* _ACTION ITEM_
Here the job is to retype the data word for word while leaving the pictures aside.

* _DATA SEGMENT_
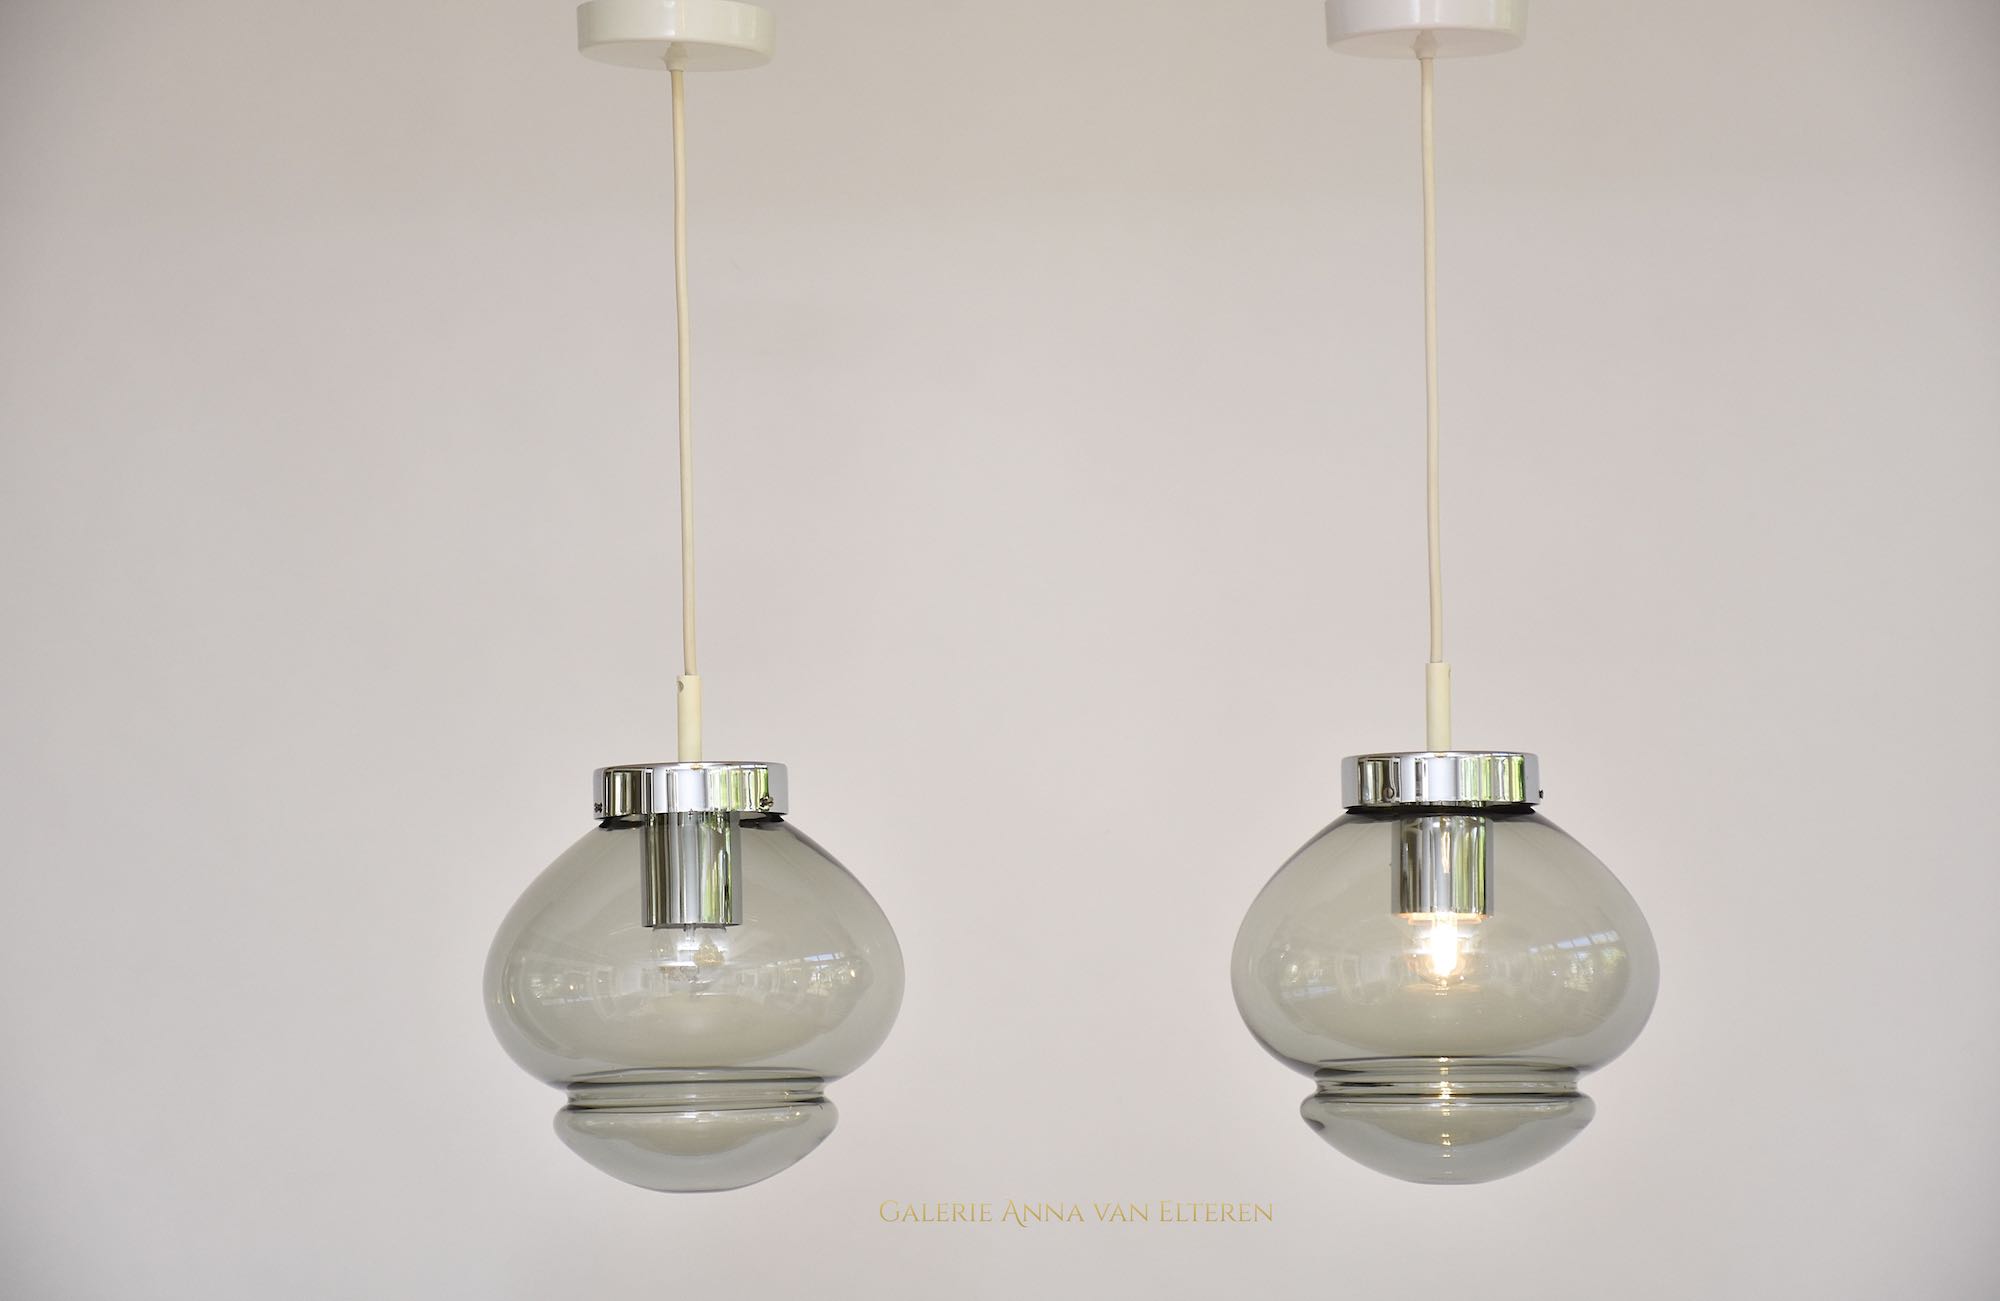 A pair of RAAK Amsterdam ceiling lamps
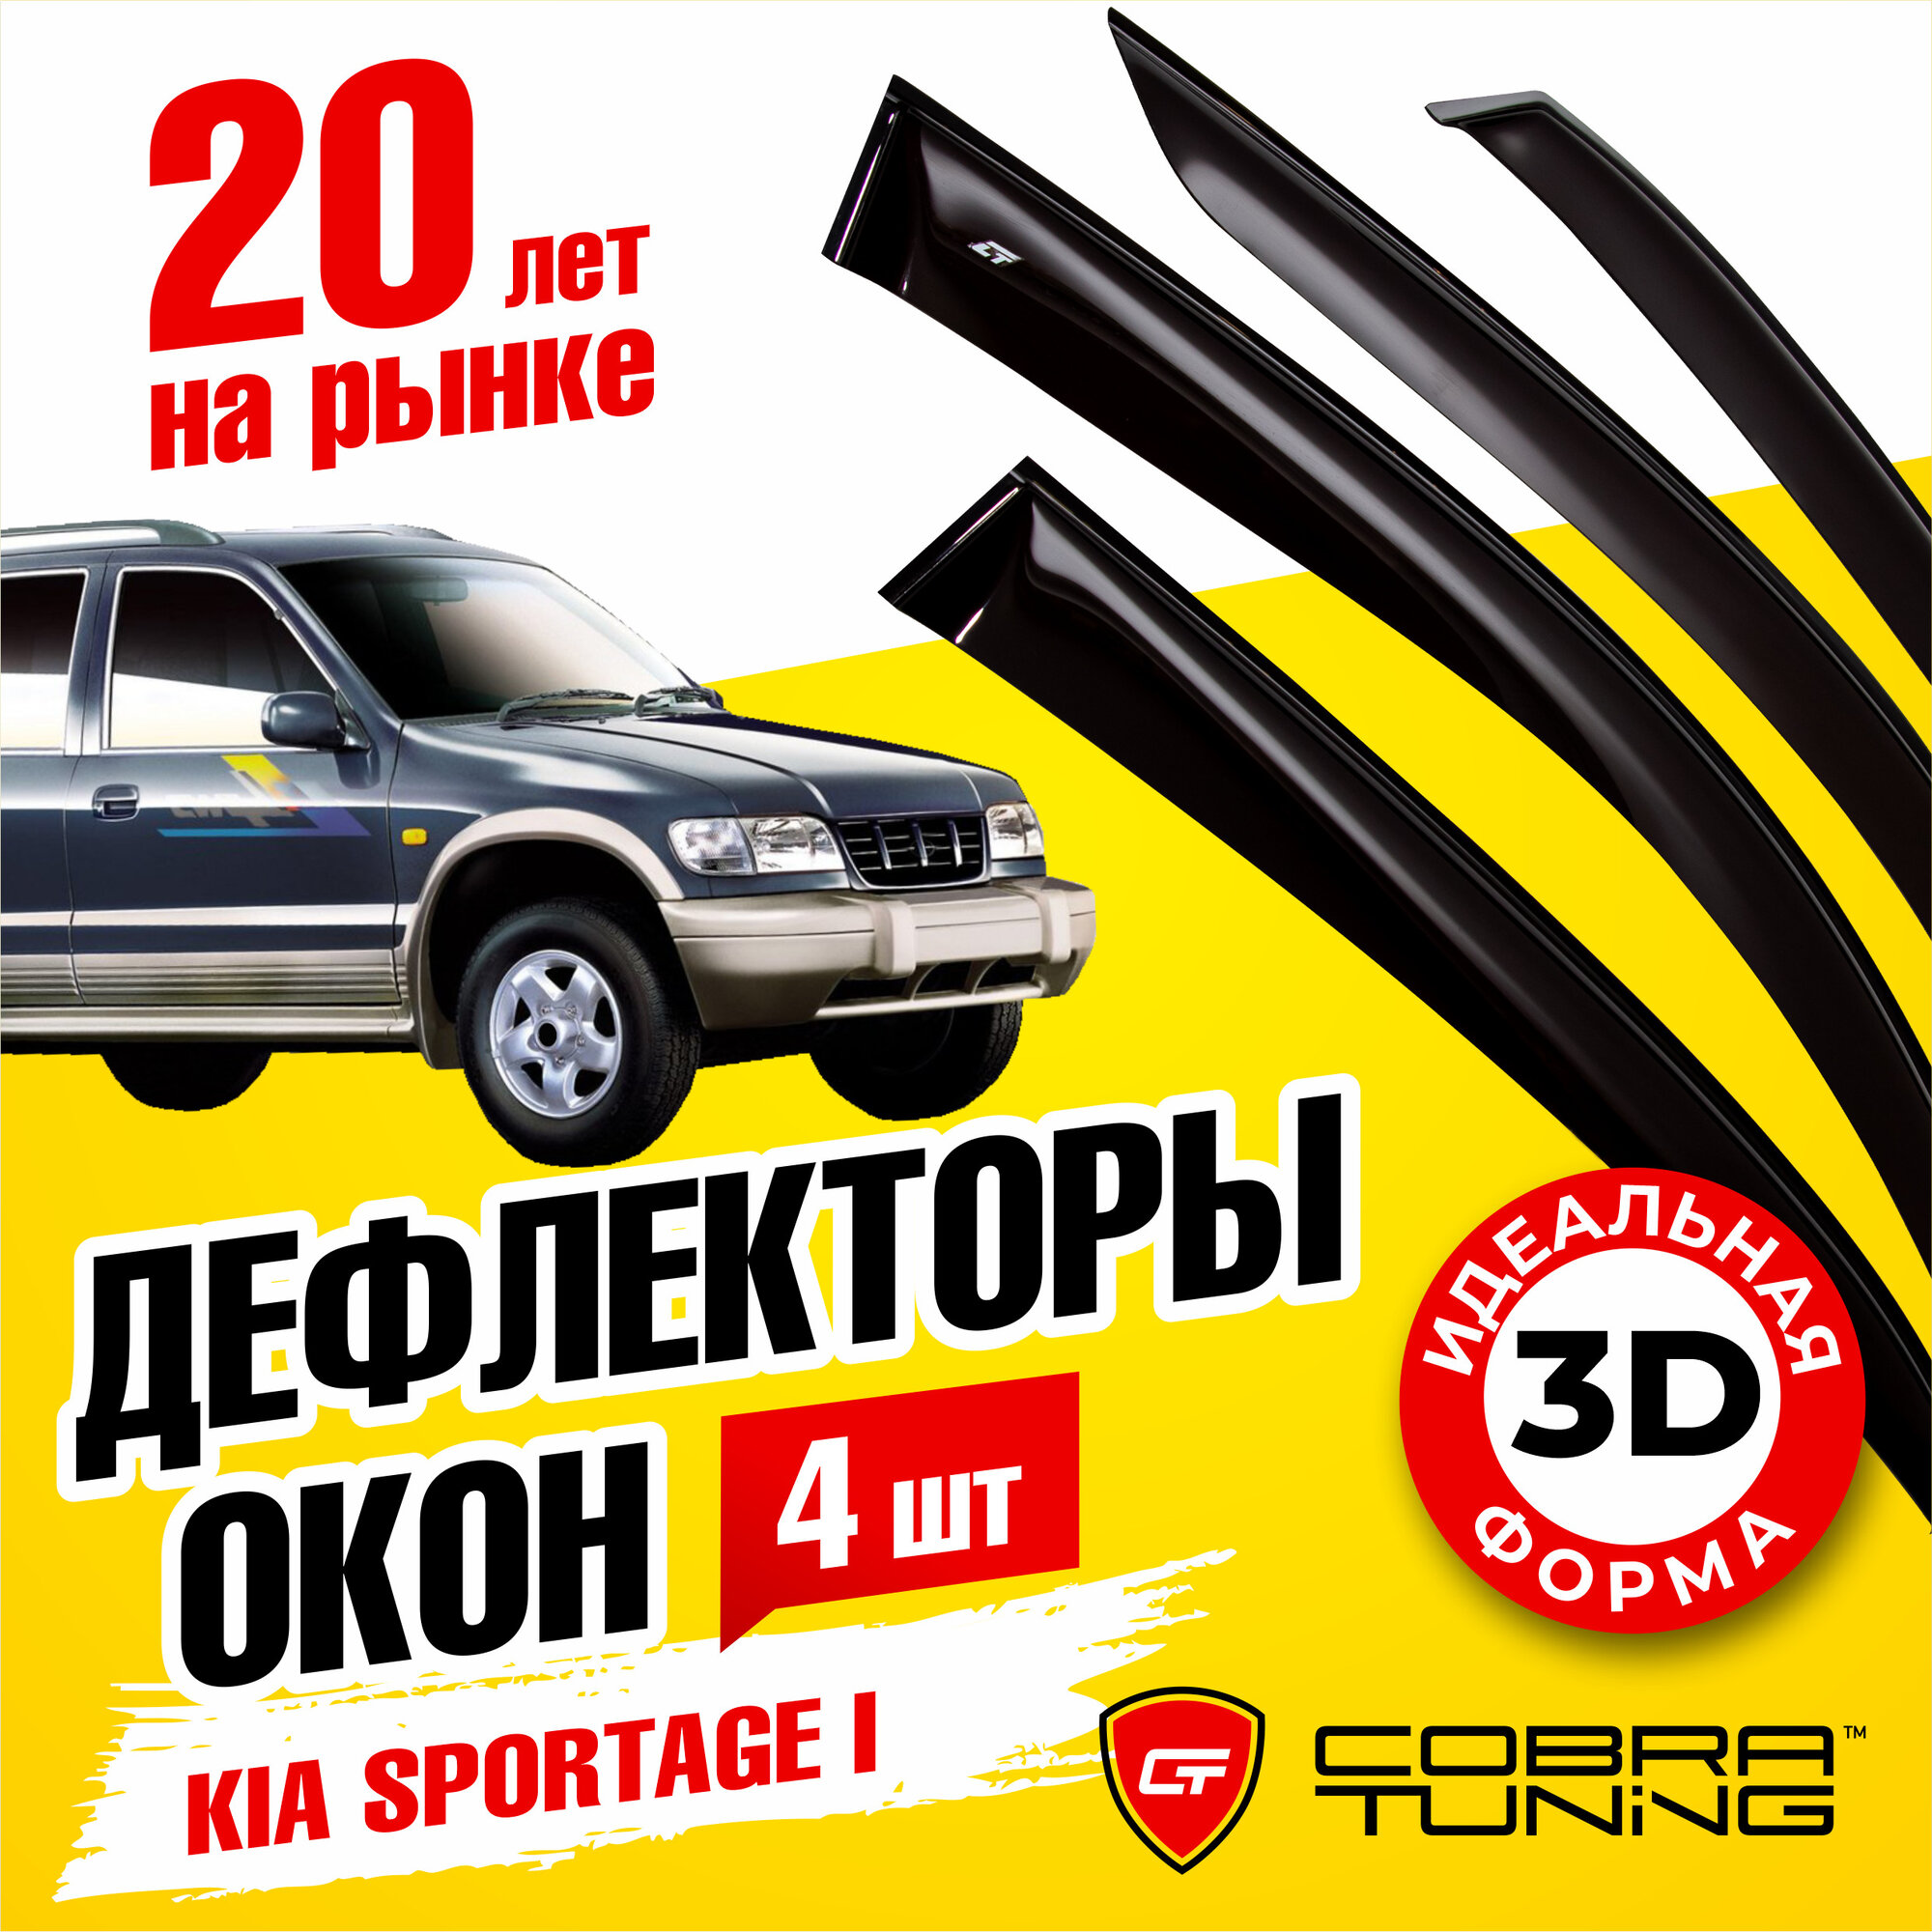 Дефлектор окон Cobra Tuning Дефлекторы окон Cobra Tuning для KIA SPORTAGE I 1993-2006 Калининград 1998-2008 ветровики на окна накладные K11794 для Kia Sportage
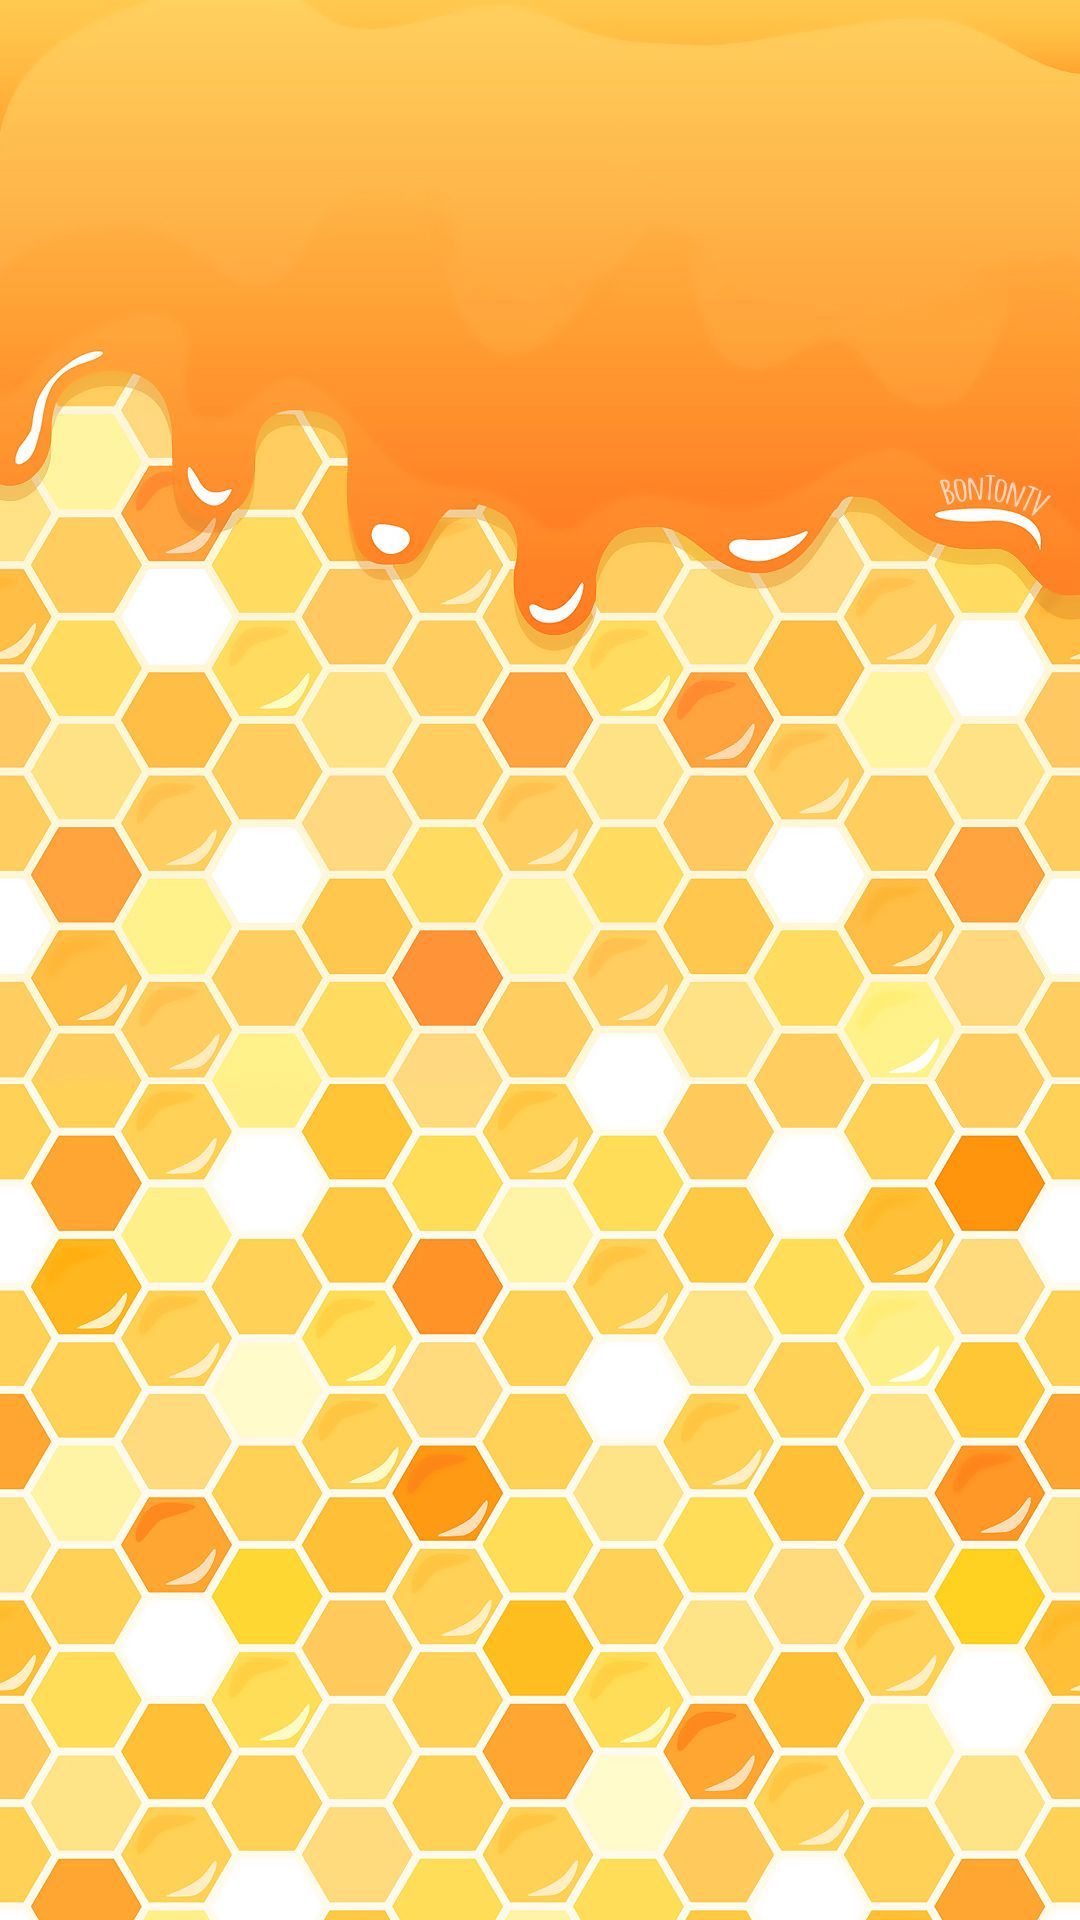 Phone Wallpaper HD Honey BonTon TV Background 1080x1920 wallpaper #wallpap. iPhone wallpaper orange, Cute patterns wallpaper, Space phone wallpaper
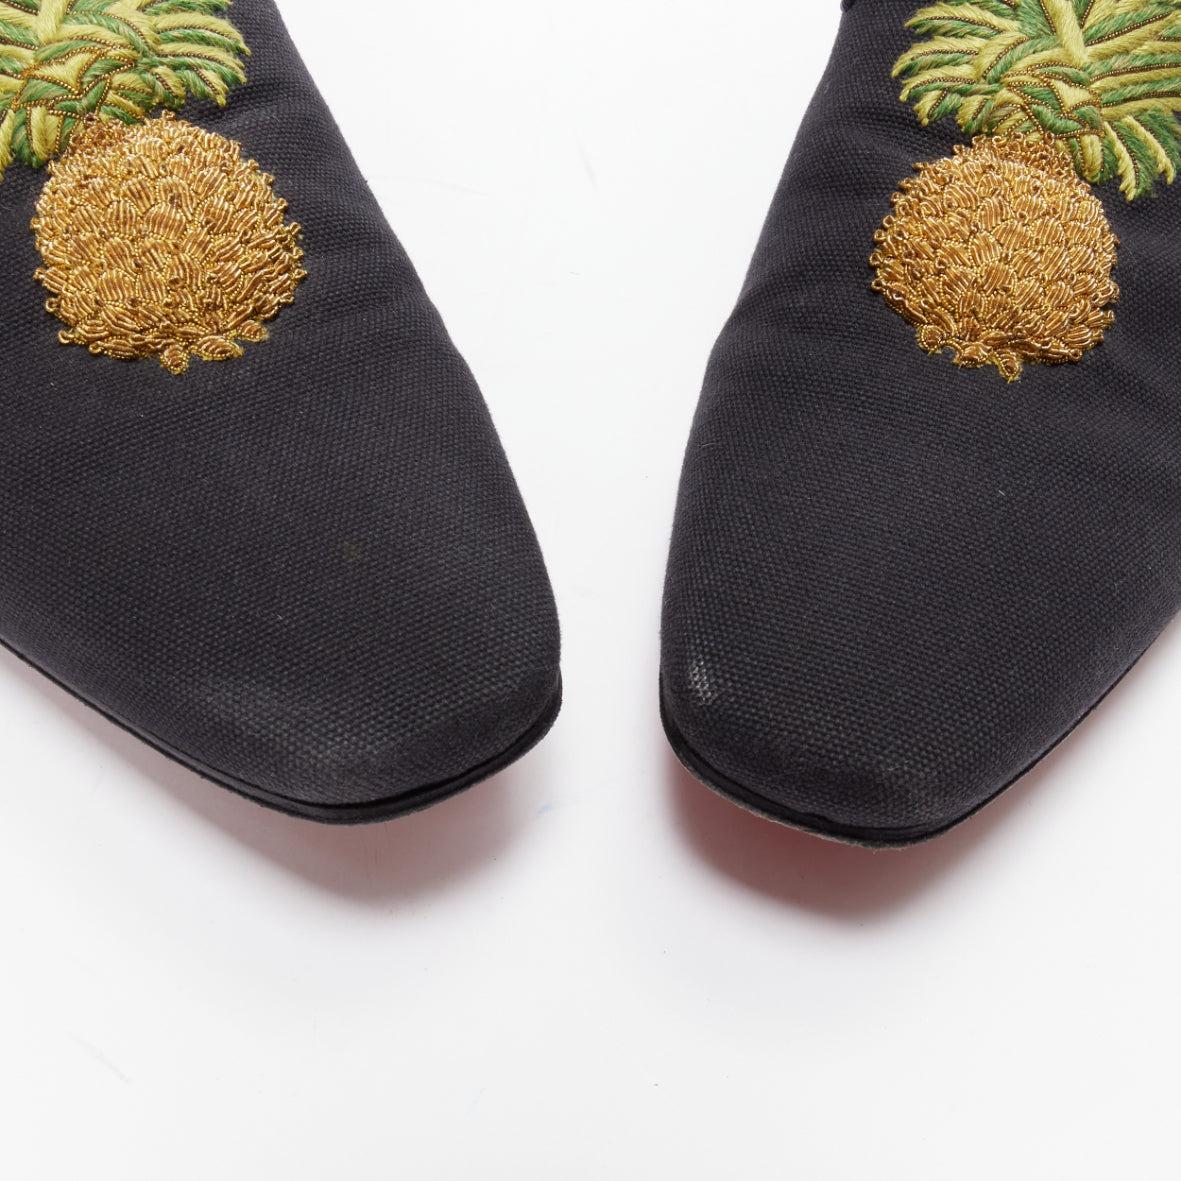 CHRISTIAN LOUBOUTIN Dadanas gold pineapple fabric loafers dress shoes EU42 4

* _TASK ANSWER_
 A pair of RAAK Amsterdam ceiling lamps
 Дефлектор окон Cobra Tuning Дефлекторы окон Cobra Tuning для KIA SPORTAGE I 1993-2006 Калининград 1998-2008 ветровики на окна накладные K11794 для Kia Sportage
 Phone Wallpaper HD Honey BonTon TV Background 1080x1920 wallpaper #wallpap. iPhone wallpaper orange, Cute patterns wallpaper, Space phone wallpaper
 CHRISTIAN LOUBOUTIN Dadanas gold pineapple fabric loafers dress shoes EU42 4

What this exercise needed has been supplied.